A reference like [this]
is equivalent than [THIS]
.
Only sections can be automatically referenced by using the heading text, if a section attempts to create duplicated references, the algorithm starts appending a number.
Custom references are supported by adding the ref
attribute to any
component.
Since the documents in STX are organized by sections, they can be easily numbered. Each section, figure and table are automatically numbered.
Additionally, there is a function for generating a Table of Contents. All numbers of sections, figures and tables of this document were auto-generated as well as the table of contents.
While develop a new output format is not a trivial task, STX is designed to be modular so that the output formats can be plugged in. The current supported output formats are described in this section.
Since STX document are stand-alone, the output format is specified by using directives in the same document. A document can have any number of output formats.
This output format generates one single HTML5 file. The document structure is completely based on the HTMLBook specification, a great unofficial draft from O’Reilly Media, Inc.
Since this is the main format for rendering STX documents, some directives are optimized for HTML, example:
Another useful feature for creating HTML documents is the embed
function,
which integrates the content from another file directly in the document.
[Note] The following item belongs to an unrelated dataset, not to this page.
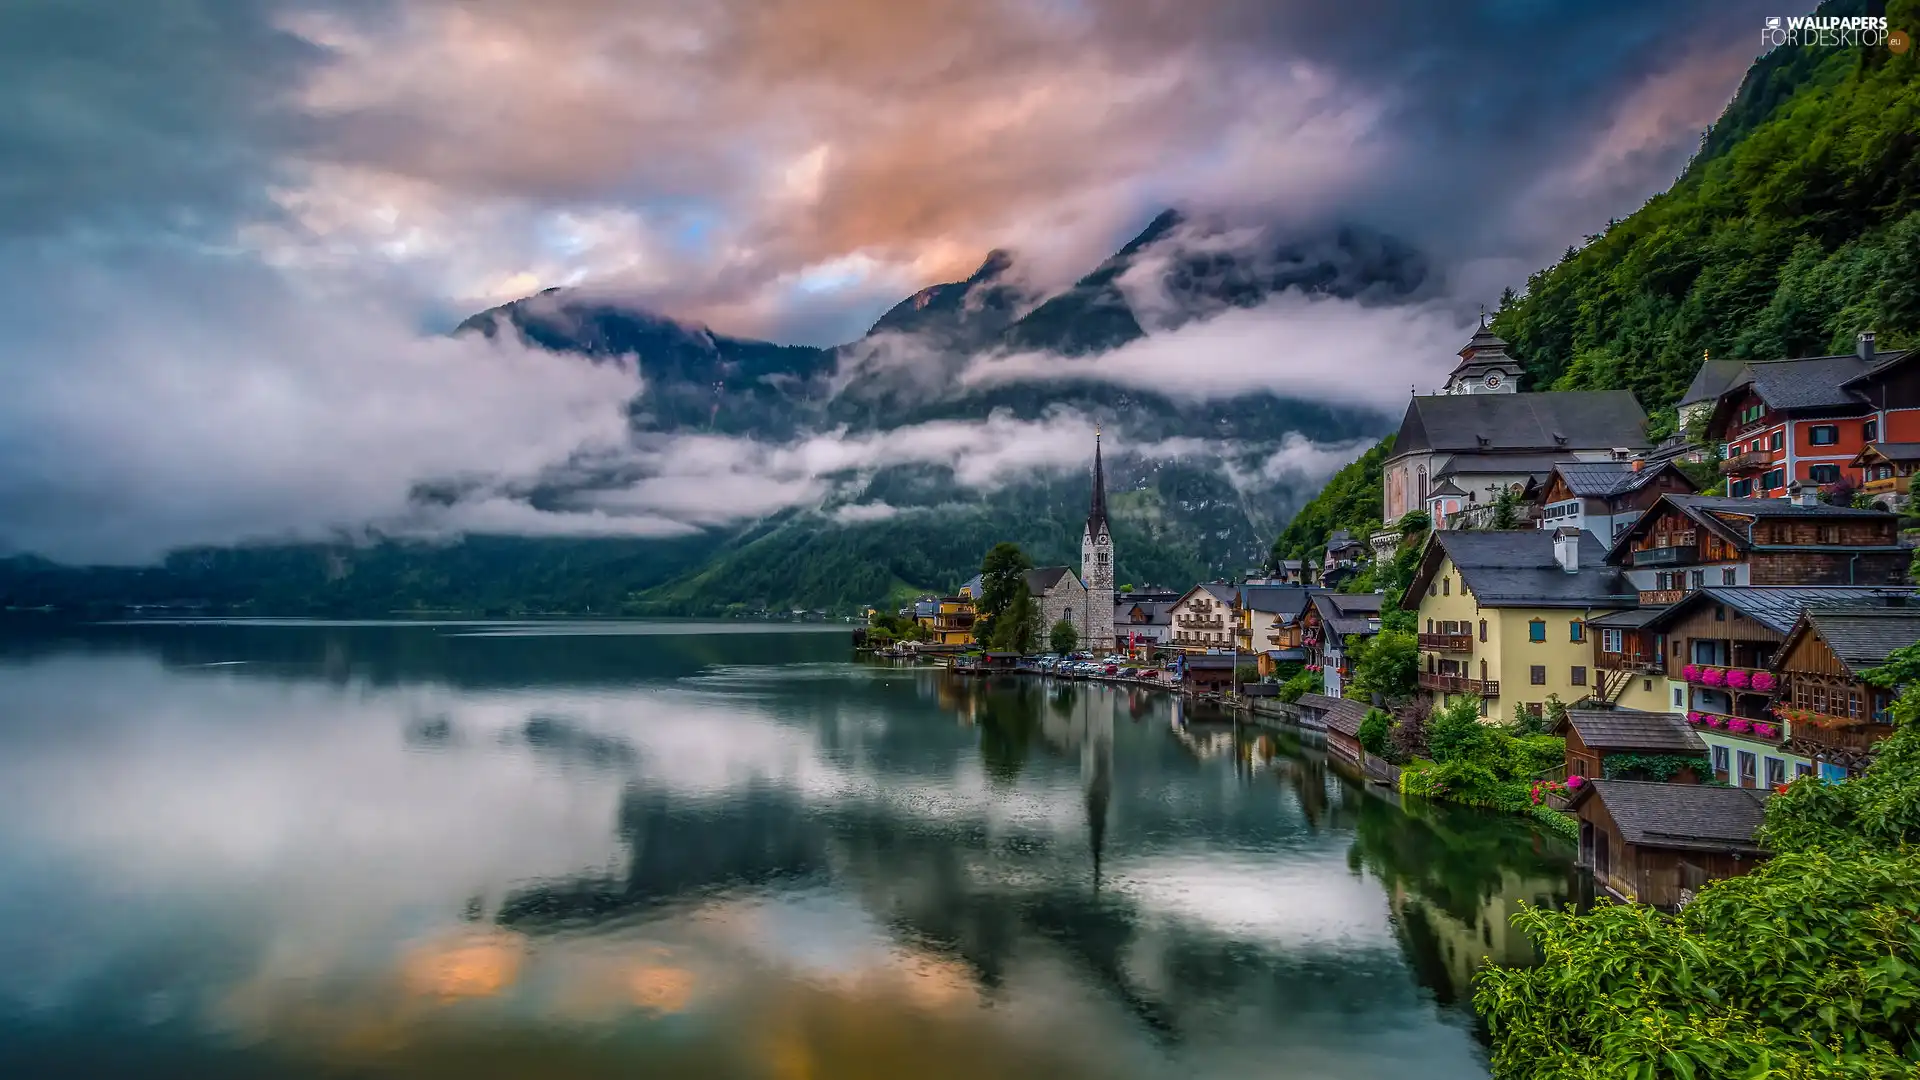 Salzburg Slate Alps, Hallstattersee Lake, Austria, Houses, Hallstatt, Mountains, Fog, Church

This output format generates a JSON file with the raw structure of the document. This format is not optimized for human reading but can be useful for debugging and using it with other tools.
The STX syntax is stricter than other markup languages. Having a malformed component will cause a compilation error.
Since this is a markup language as well, the marks in the text together with the text alignment makes it possible to create complex documents. This section describes the different types of marks and its syntax.
This type of components are able to contain more components inside, they are the building blocks for a document.
Block marks are not recognized inside inline content, consequently, paragraphs cannot begin with a block mark.
When several block components are defined sequentially, they can even be considered as a single composite component.
There are 6 levels of sections, they can be created by repeating the =
(equal symbol). The number of symbols represents the level of the section.
The content of the section must be aligned with the section mark.
Compared with other markup languages, sections here are not just titles, they contain all subsequent components until a section with a level equal or less is found.
There are two kind of lists: unordered and ordered, they can be created by
using the -
(dash symbol) and .
(period symbol) respectively.
The content of the items can be any supported component as long as the nesting rules are followed.
Tables are created by gathering rows, the mark for heading rows is |=
(pipe and equal symbols) and for normal rows is |-
(pipe and dash symbol).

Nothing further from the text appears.